Malcolm X described the Bandung Conference of 1955, at which representatives of Asian and African nations met to discuss their common enemy: Europeans. He said that just as the members of the Bandung Conference put aside their differences, so Black Americans must put aside their differences and unite.
In this point Malcolm is referring to a certain conference in which everyone of all races got together and discussed a common problem: Europeans
“What you and I need to do is learn to forget our differences. When we come together, we don’t come together as Baptists or Methodists. You don’t catch hell ’cause you’re a Baptist, and you don’t catch hell ’cause you’re a Methodist. You don’t catch hell ’cause you’re a Methodist or Baptist. You don’t catch hell because you’re a Democrat or a Republican. You don’t catch hell because you’re a Mason or an Elk. And you sure don’t catch hell ’cause you’re an American; ’cause if you was an American, you wouldn’t catch no hell. You catch hell ’cause you’re a black man. You catch hell, all of us catch hell, for the same reason.

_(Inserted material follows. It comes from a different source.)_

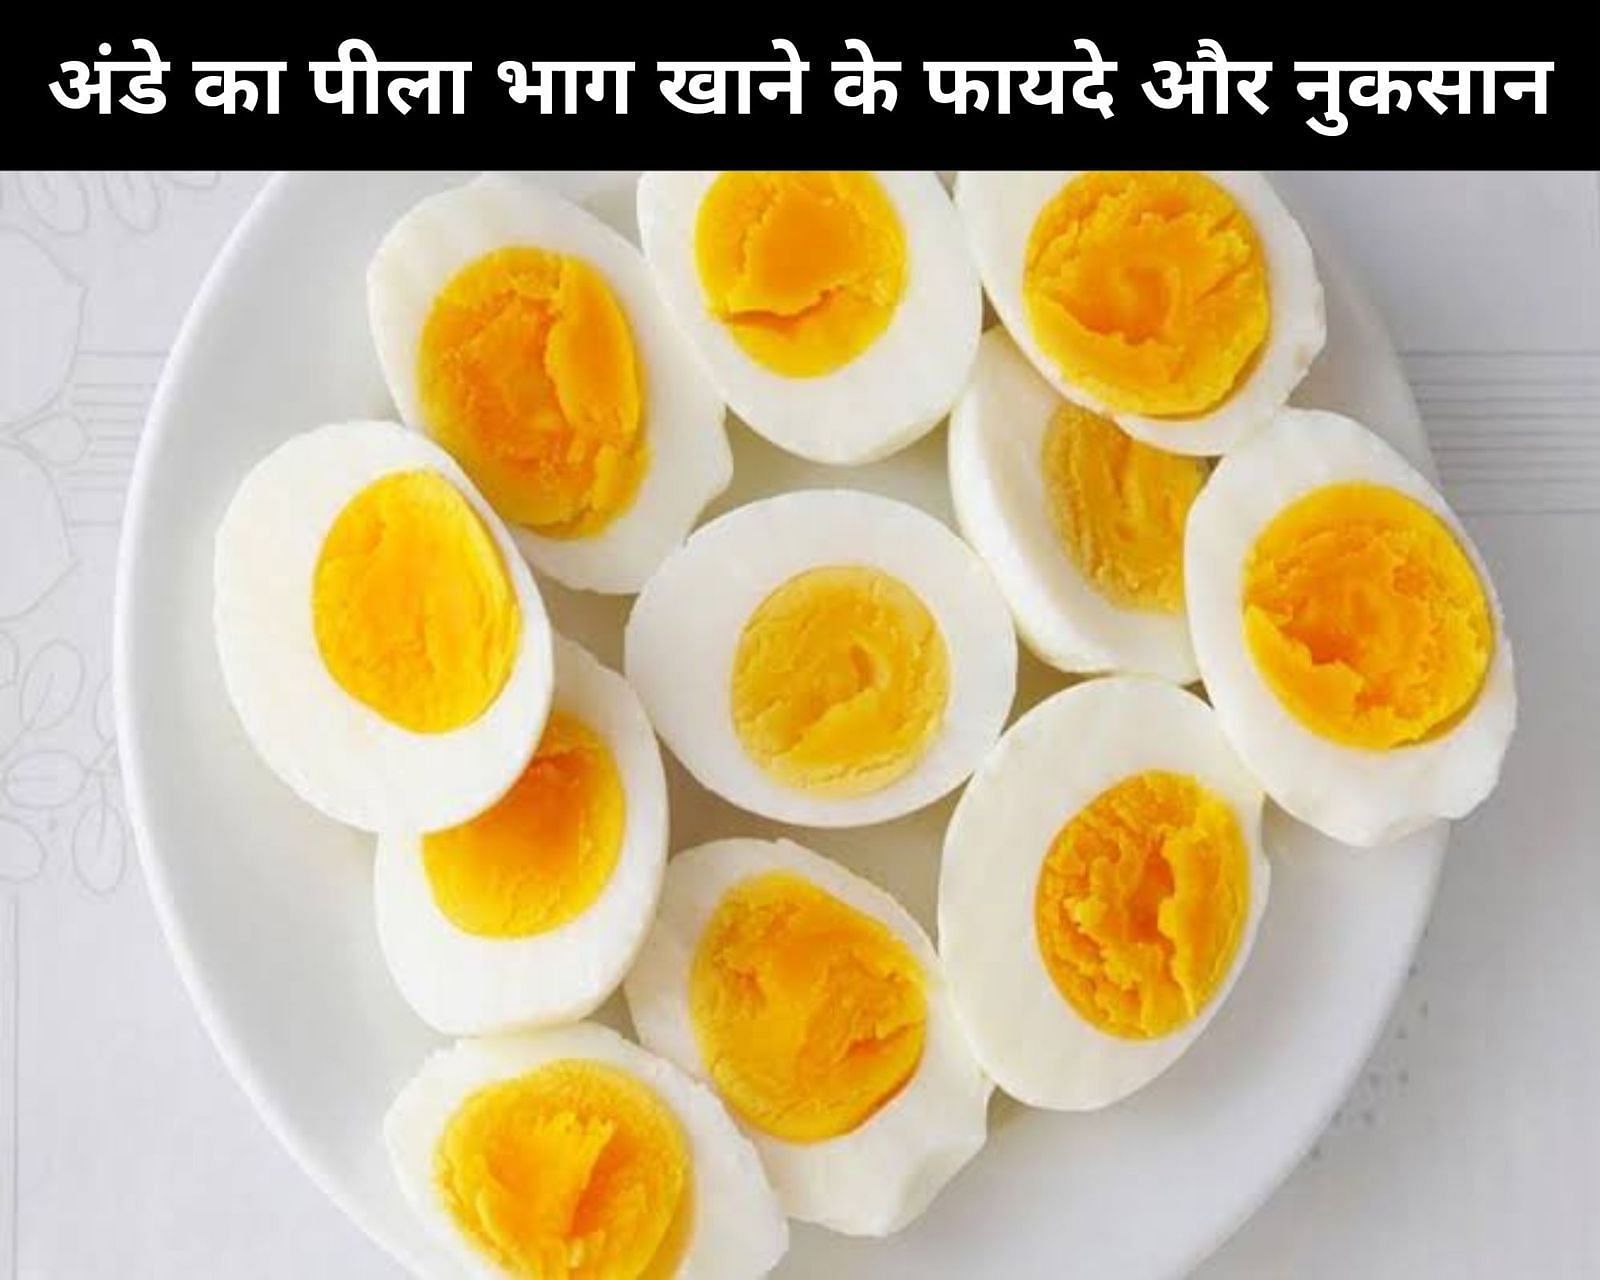 अंडे का पीला भाग खाने के फायदे और नुकसान (फोटो - sportskeedaहिन्दी)

So we are all black people, so—called Negroes, second—class citizens, ex—slaves. You are nothing but a [sic] ex—slave. You don’t like to be told that. But what else are you? You are ex—slaves. You didn’t come here on the "Mayflower." You came here on a slave ship —— in chains, like a horse, or a cow, or a chicken. And you were brought here by the people who came here on the "Mayflower." You were brought here by the so—called Pilgrims, or Founding Fathers. They were the ones who brought you here.
We have a common enemy. We have this in common: We have a common oppressor, a common exploiter, and a common discriminator. But once we all realize that we have this common enemy, then we unite on the basis of what we have in common. And what we have foremost in common is that enemy —— the white man. He’s an enemy to all of us. I know some of you all think that some of them aren’t enemies. Time will tell.”